▸ **Dataset content**:
________________________________________
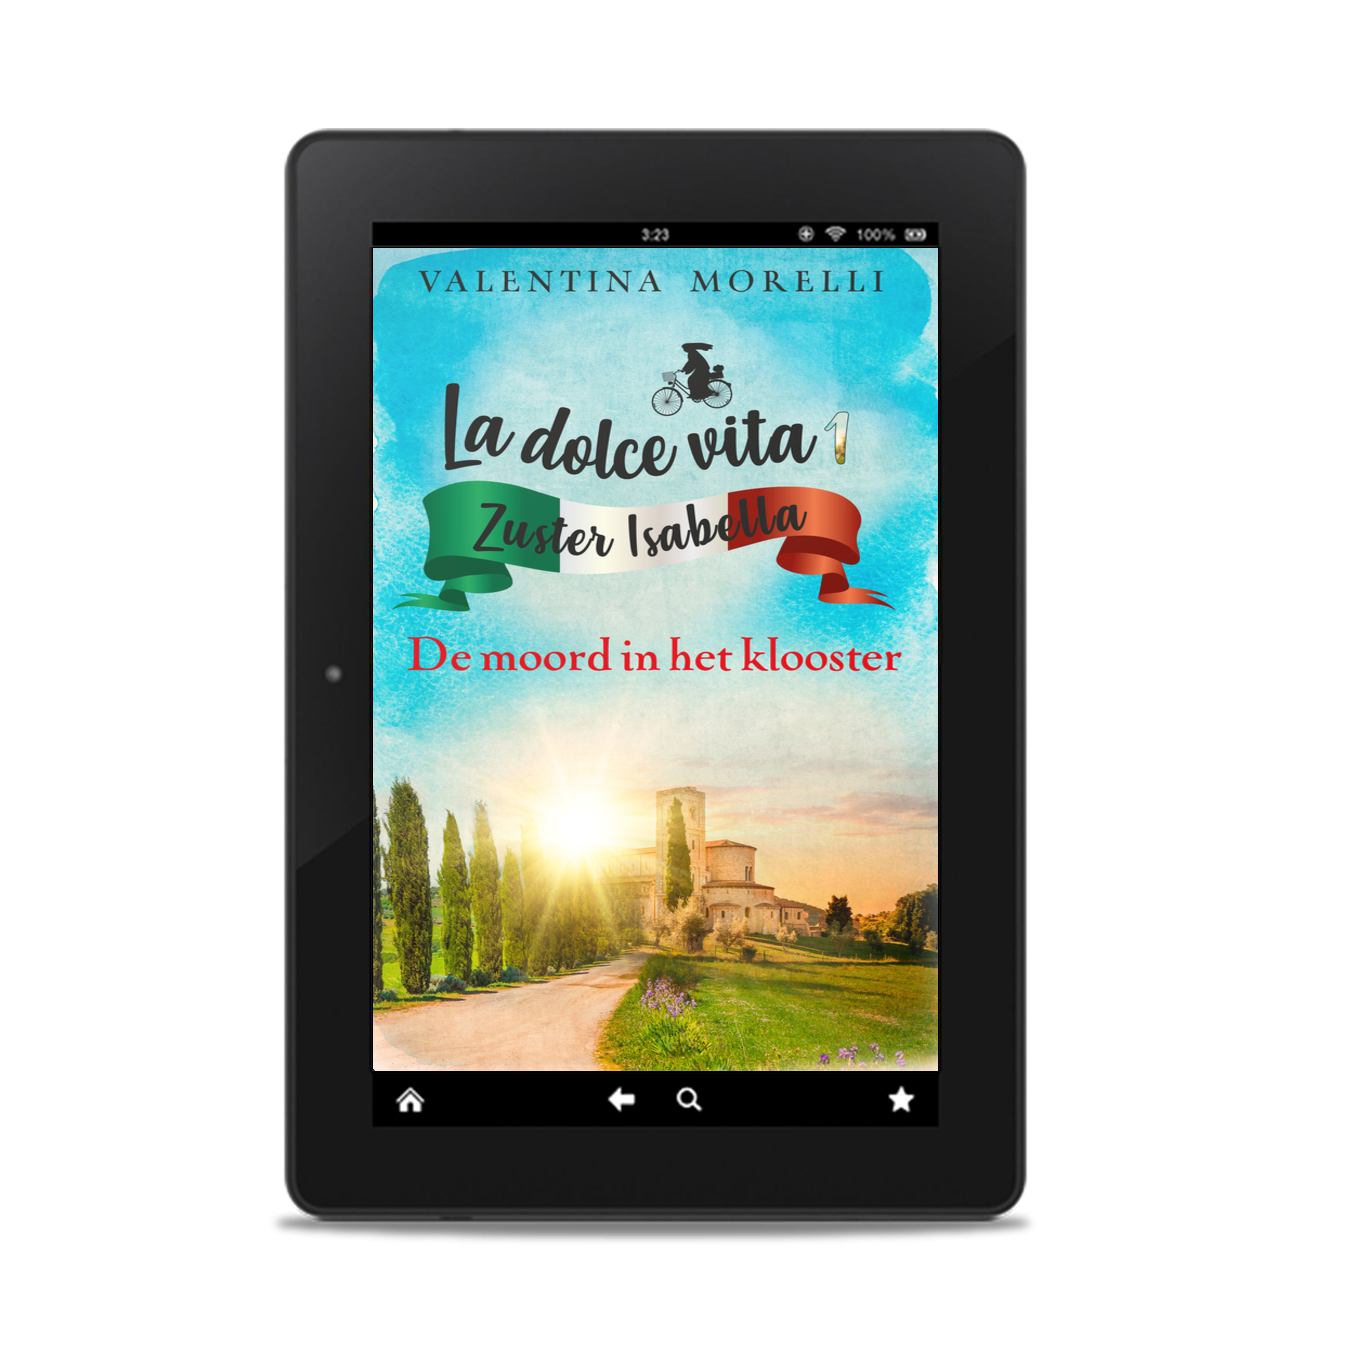 La dolce vita - De moord in het klooster
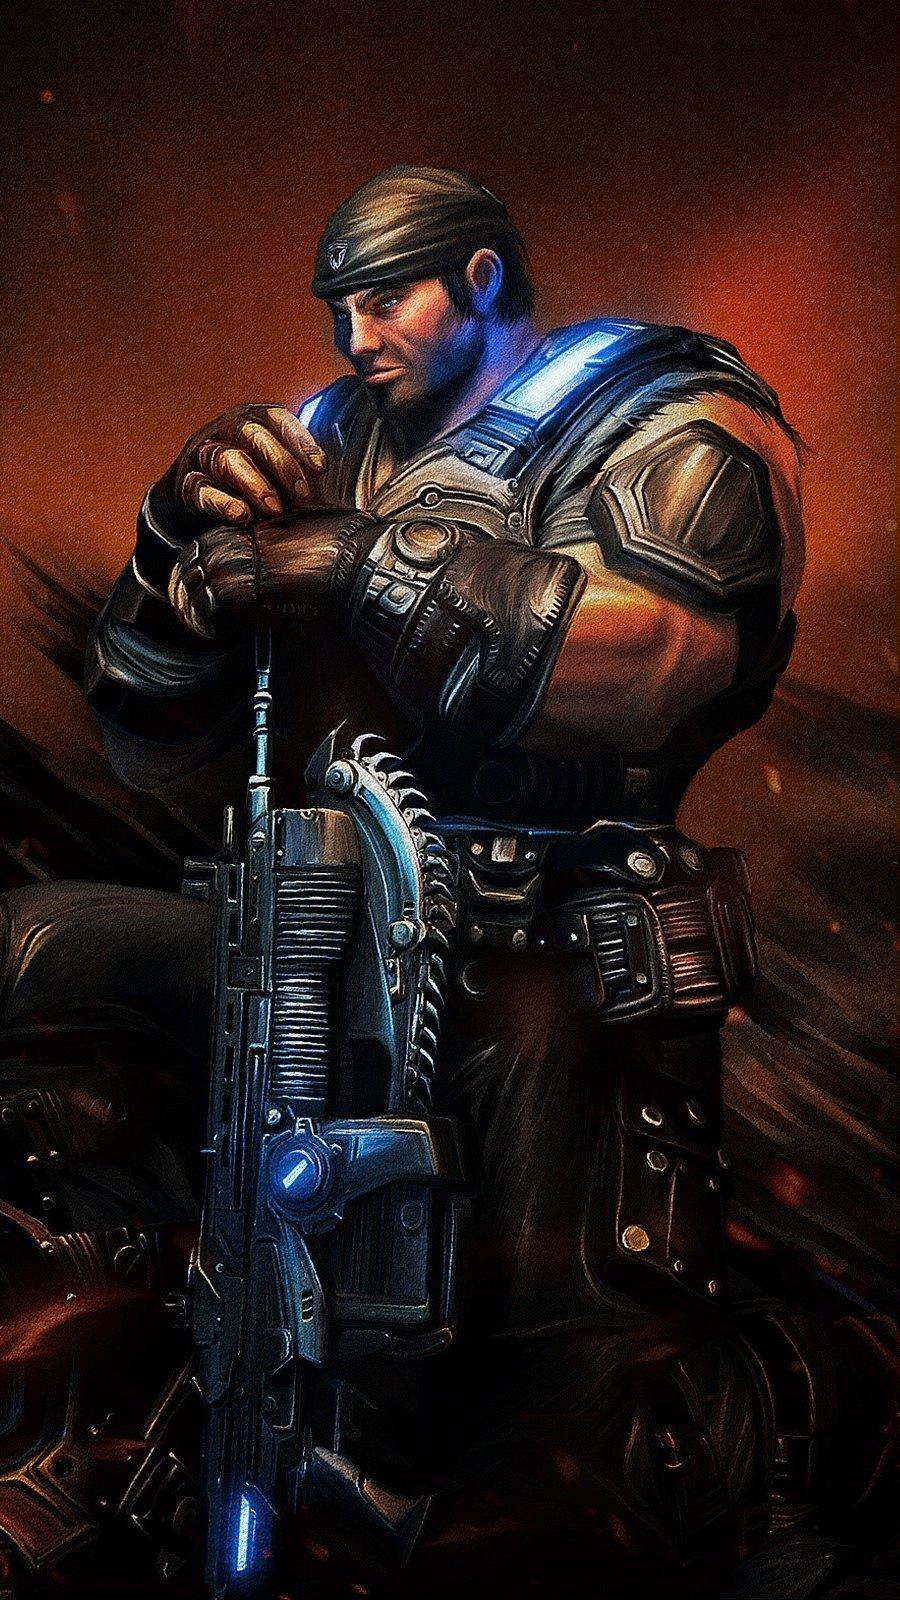 Wallpaper Sergeant Marcus Michael Fenix Gears Of War Vertical
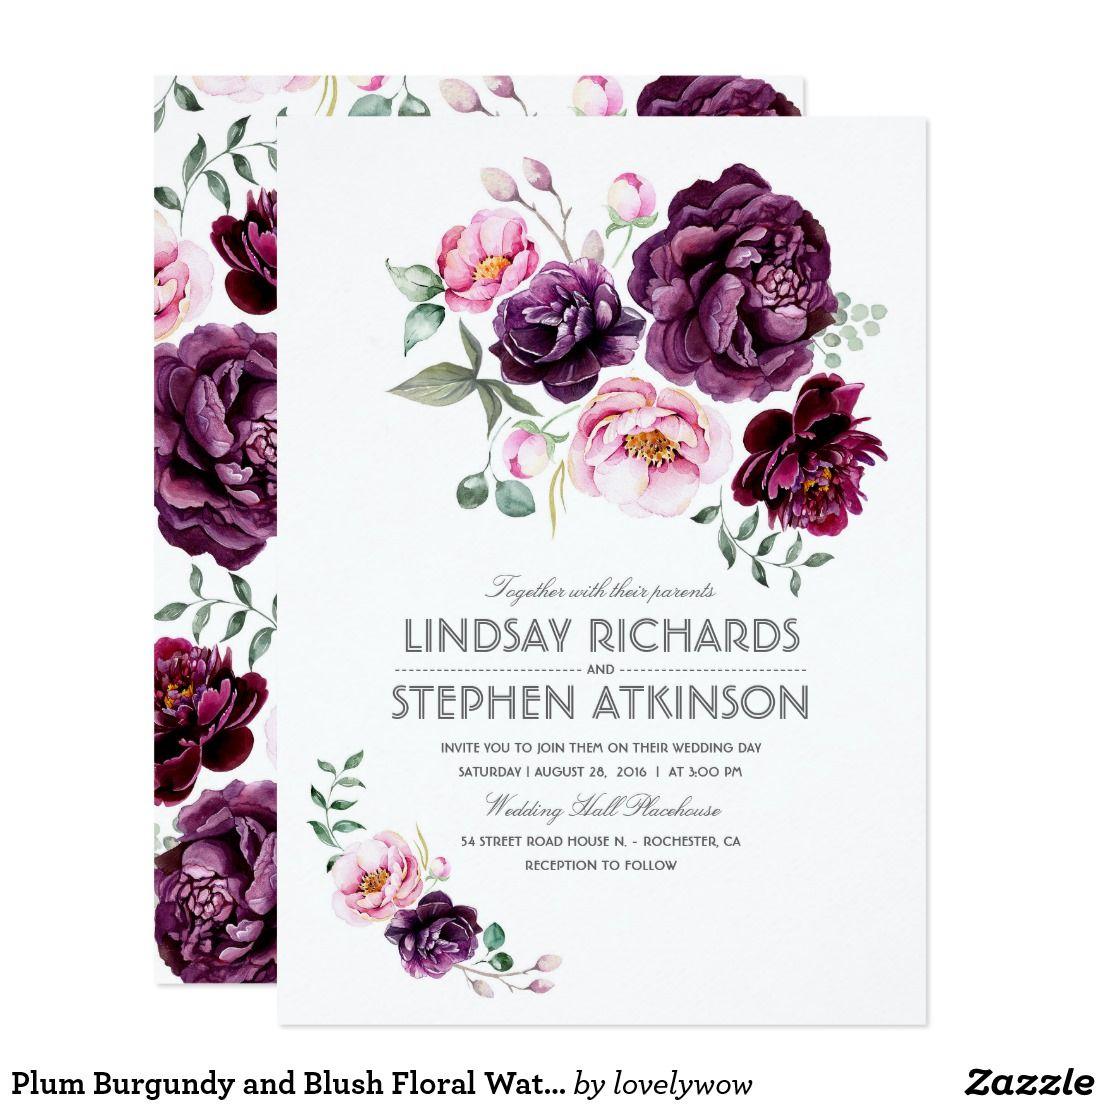 Plum Burgundy and Blush Floral Watercolor Wedding Card | Wedding ...
________________________________________
▸ **Requirement**:
With images omitted, retype the data word for word.

▸ **Exercise result**:
 La dolce vita - De moord in het klooster
 Wallpaper Sergeant Marcus Michael Fenix Gears Of War Vertical
 Plum Burgundy and Blush Floral Watercolor Wedding Card | Wedding ...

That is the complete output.